Carnaval de Rio
À Rio de Janeiro, les répétitions s’intensifient au Sambadrome à l’approche du carnaval. Chaque année, les écoles de samba de la ville rivalisent pour décrocher le titre de champion et intégrer le prestigieux « Groupe spécial », qui réunit les 12 meilleures formations.
Chaque école peut mobiliser jusqu’à 4 000 participants, danseurs et musiciens, qui doivent défiler en parfaite harmonie au rythme des tambours.
Longtemps, les rôles ont semblé figés : aux femmes la danse, aux hommes les percussions. Mais les lignes bougent.
Une présence féminine encore rare à la direction
Les sections de percussions, appelées baterias, ont dirigées par des chefs d’orchestre. Moins de 10 % d’entre eux sont des femmes.
Laisa Lima fait partie de ce groupe restreint. Elle n’est pas la première femme à occuper ce poste, mais elle demeure l’une des rares à diriger une bateria lors du défilé au Sambadrome.
« Je ne sais pas qui a lancé cette idée selon laquelle les instruments à percussion ne convenaient pas aux femmes. De nombreuses sections de percussions (baterias) interdisaient aux femmes d'y participer. Heureusement, ce tabou a été brisé », explique-t-elle.

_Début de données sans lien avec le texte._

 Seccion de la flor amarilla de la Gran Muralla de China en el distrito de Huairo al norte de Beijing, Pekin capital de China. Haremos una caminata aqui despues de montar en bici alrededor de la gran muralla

Musicienne depuis l’enfance, Laisa a grandi dans l’univers du carnaval. Elle joue du tamborim depuis ses premières années, portée par des parents eux-mêmes engagés dans les écoles de samba.

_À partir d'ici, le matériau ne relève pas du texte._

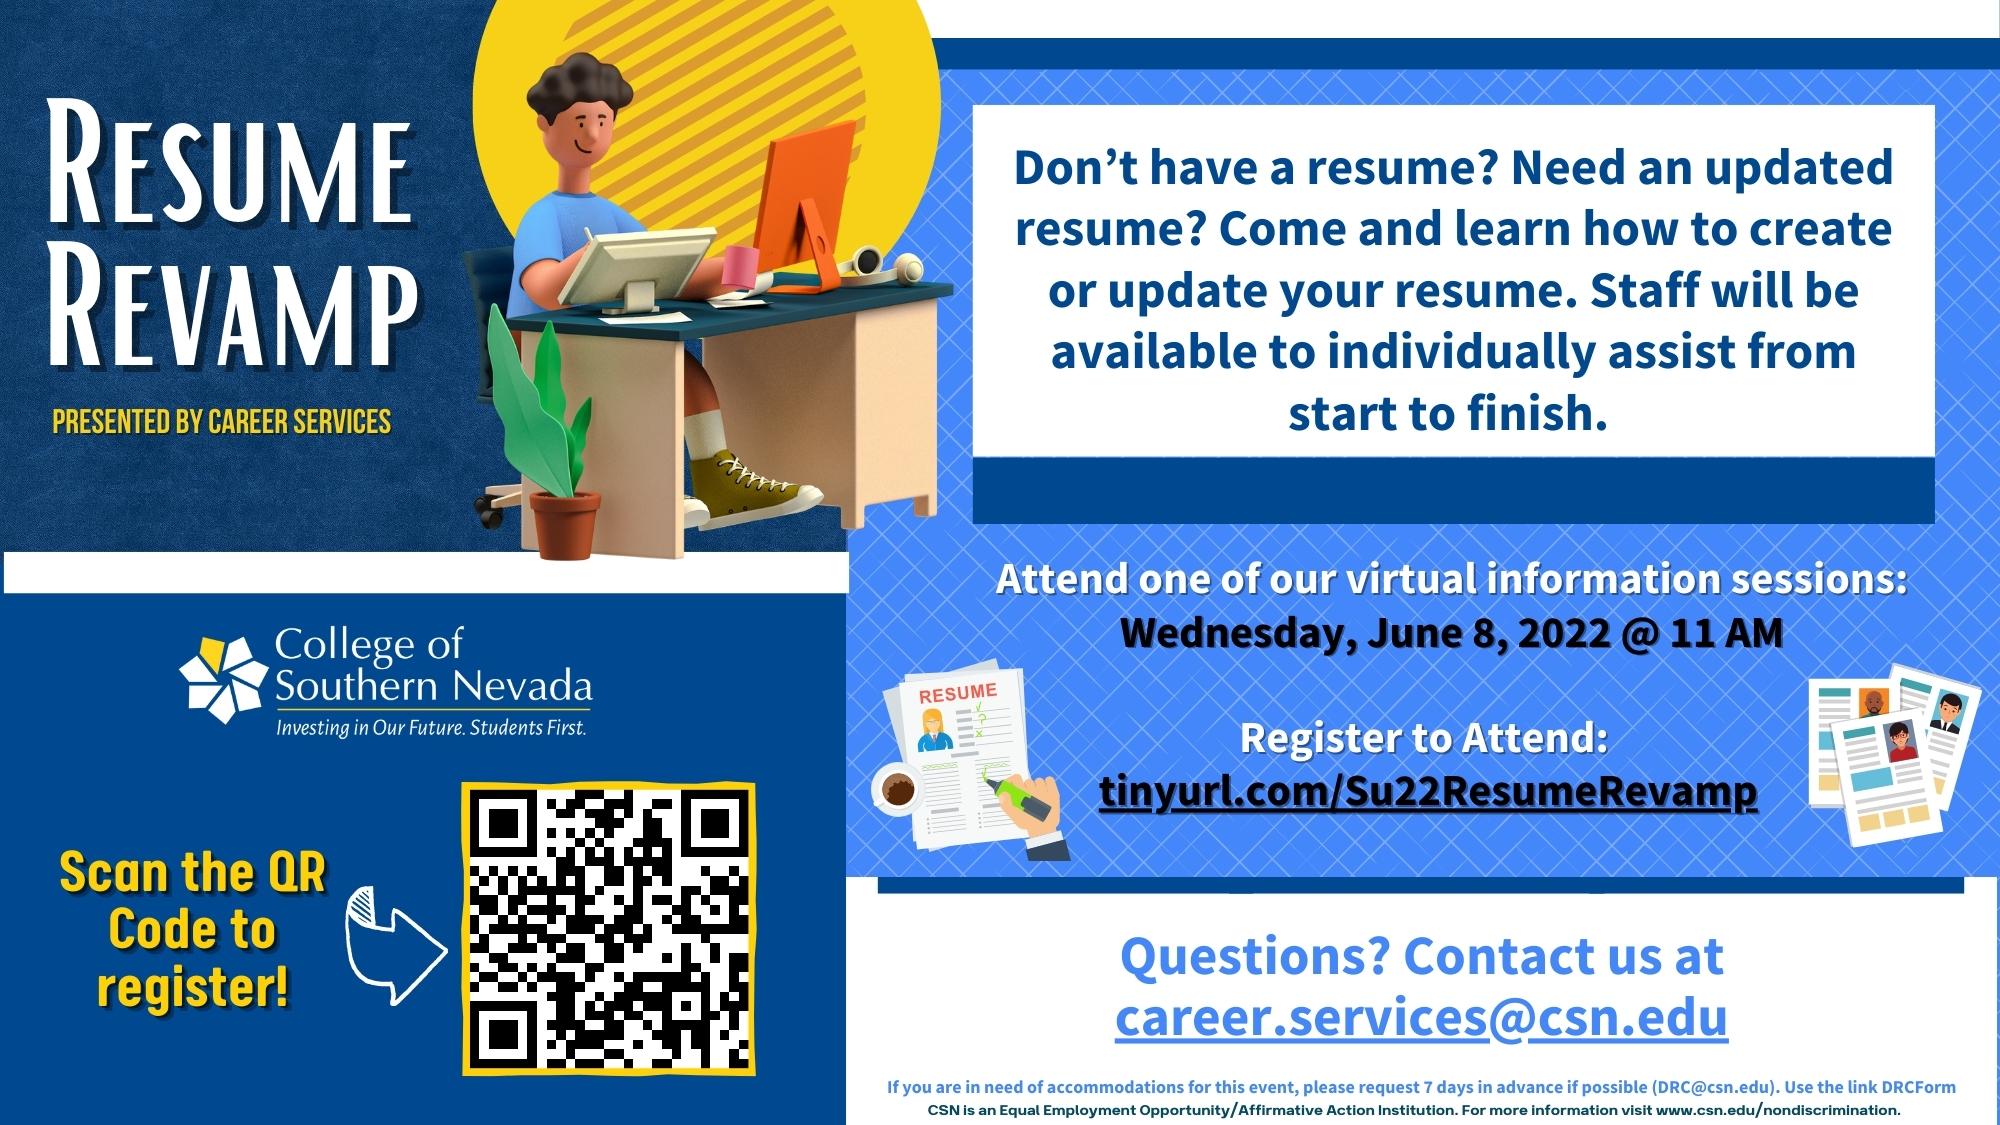 Event flyer for resume revamp on June 8, 2022

Pour elle, la direction d’une section rythmique ne repose pas sur la force physique.
« Beaucoup de gens ont cette vieille croyance selon laquelle les femmes sont le sexe faible. Cependant, la section de percussions n'est pas une question de masculinité ou de force. C'est une question de sentiments et de gestion des personnes. »

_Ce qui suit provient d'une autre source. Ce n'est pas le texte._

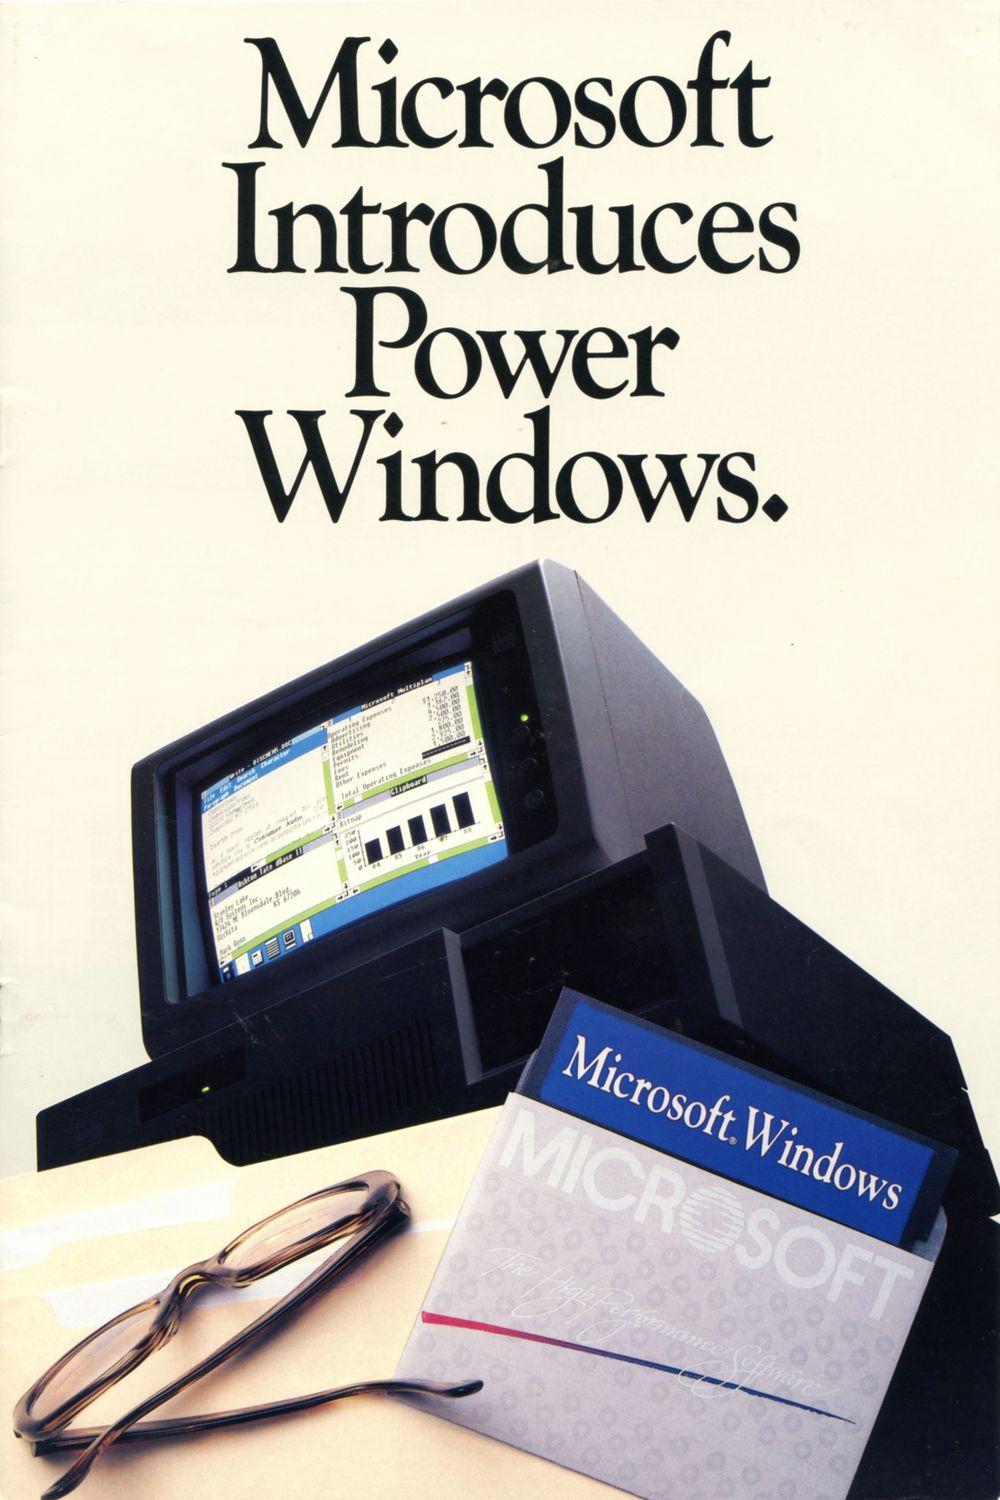 Brosjyre for Microsoft Windows 1.0, trykket i januar 1986.

Cette année, Laisa dirigera la section de percussions de l’école Arranco. La bateria compte 250 musiciens.
« Cette année, la section de percussions compte 250 membres. Deux cent cinquante cœurs battant à la même cadence, avec le même objectif et conquérant le même but. »
À Arranco, environ 30 % des percussionnistes sont des femmes — un pourcentage encore rare dans le monde des écoles de samba.
Pour Laisa, la percussion est avant tout une affaire d’émotion.
« Parler des émotions dans la section des tambours est déjà émouvant, c'est le pouls de nos cœurs, c'est l'émotion qui transforme notre corps, notre énergie, en son. »
Une nouvelle génération de musiciennes
La progression des femmes dans les percussions s’observe aussi en dehors du Sambadrome. Dans les quartiers de Rio, les « blocos » — groupes de carnaval de rue — accueillent de plus en plus de musiciennes.
Thalita Santos, percussionniste et enseignante, œuvre depuis des décennies pour renforcer cette présence féminine.
« Beaucoup de femmes qui dansent apprennent à jouer. Beaucoup de femmes qui jouent apprennent à danser. De nos jours, pendant le carnaval, les femmes peuvent occuper n'importe quel espace, que ce soit pour danser ou pour jouer. Il n'y a plus de division entre les femmes qui dansent et les hommes qui jouent. Heureusement, cette époque est révolue. Nous sommes actuellement en train d'augmenter le nombre de femmes qui jouent. »
Aujourd’hui, les femmes ne sont plus seulement les visages du carnaval. Elles en battent aussi le rythme.
Et si leur présence à la tête des baterias reste minoritaire, elle s’impose progressivement comme une nouvelle réalité du plus grand spectacle du Brésil.